- Supplied material
++++++++

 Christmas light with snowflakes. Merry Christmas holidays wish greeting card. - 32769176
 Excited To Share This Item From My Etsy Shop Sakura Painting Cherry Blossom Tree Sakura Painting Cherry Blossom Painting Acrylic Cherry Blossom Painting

++++++++

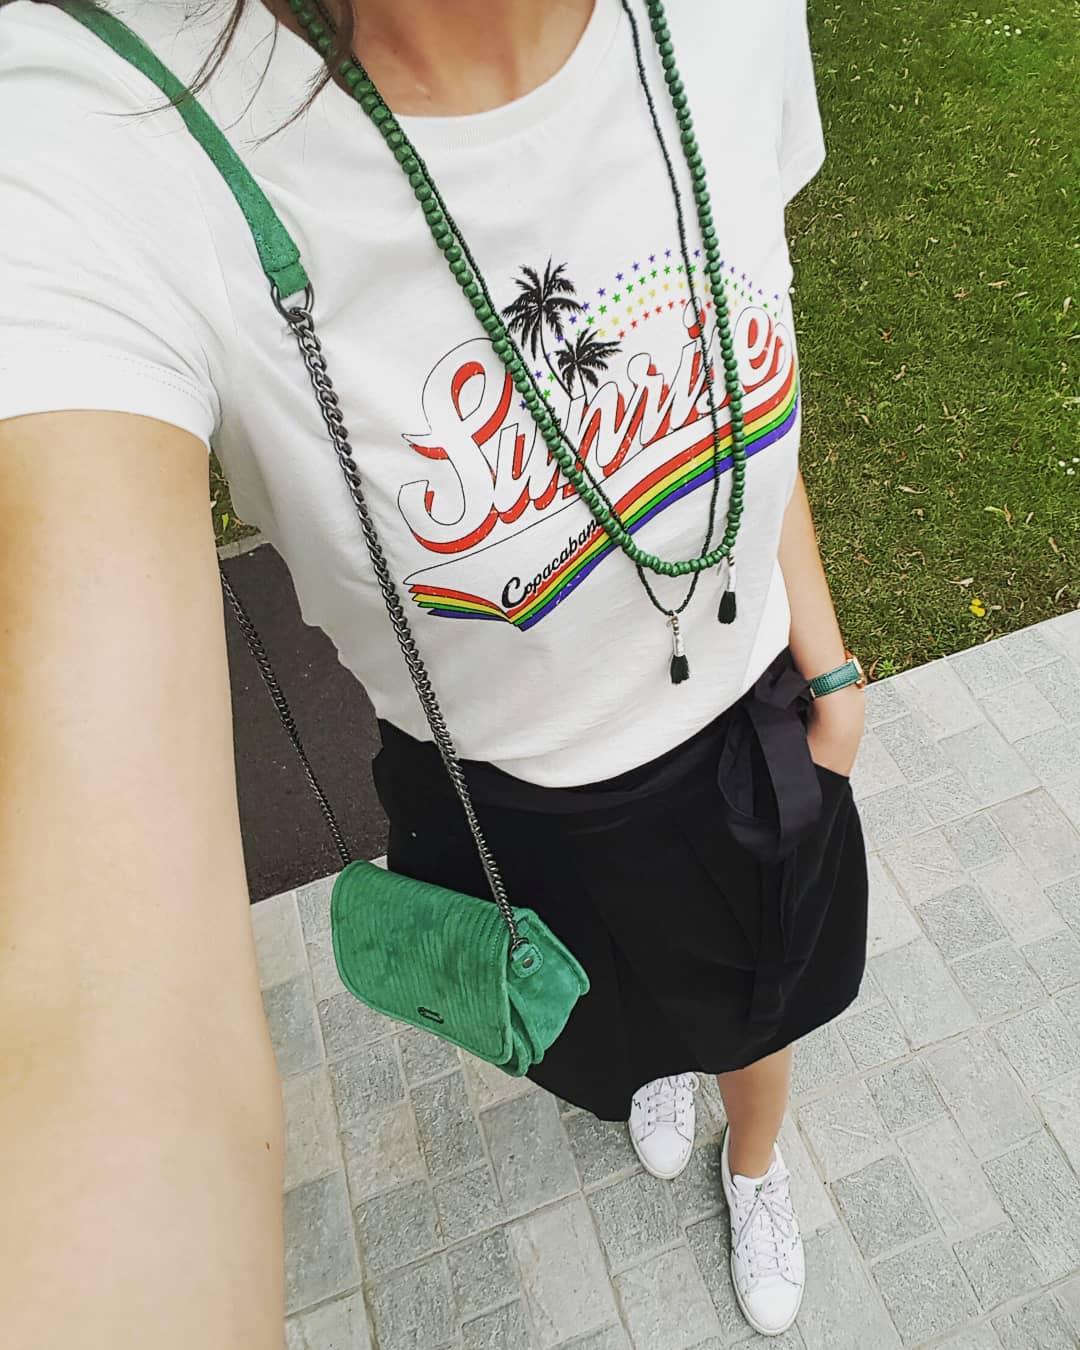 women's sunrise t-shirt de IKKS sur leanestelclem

++++++++

- Exercise requirements
Retype, exactly and in full, the lines above from the one containing "Christmas light with" through the one containing "Excited To Share".

- Solution for this task
 Christmas light with snowflakes. Merry Christmas holidays wish greeting card. - 32769176
 Excited To Share This Item From My Etsy Shop Sakura Painting Cherry Blossom Tree Sakura Painting Cherry Blossom Painting Acrylic Cherry Blossom Painting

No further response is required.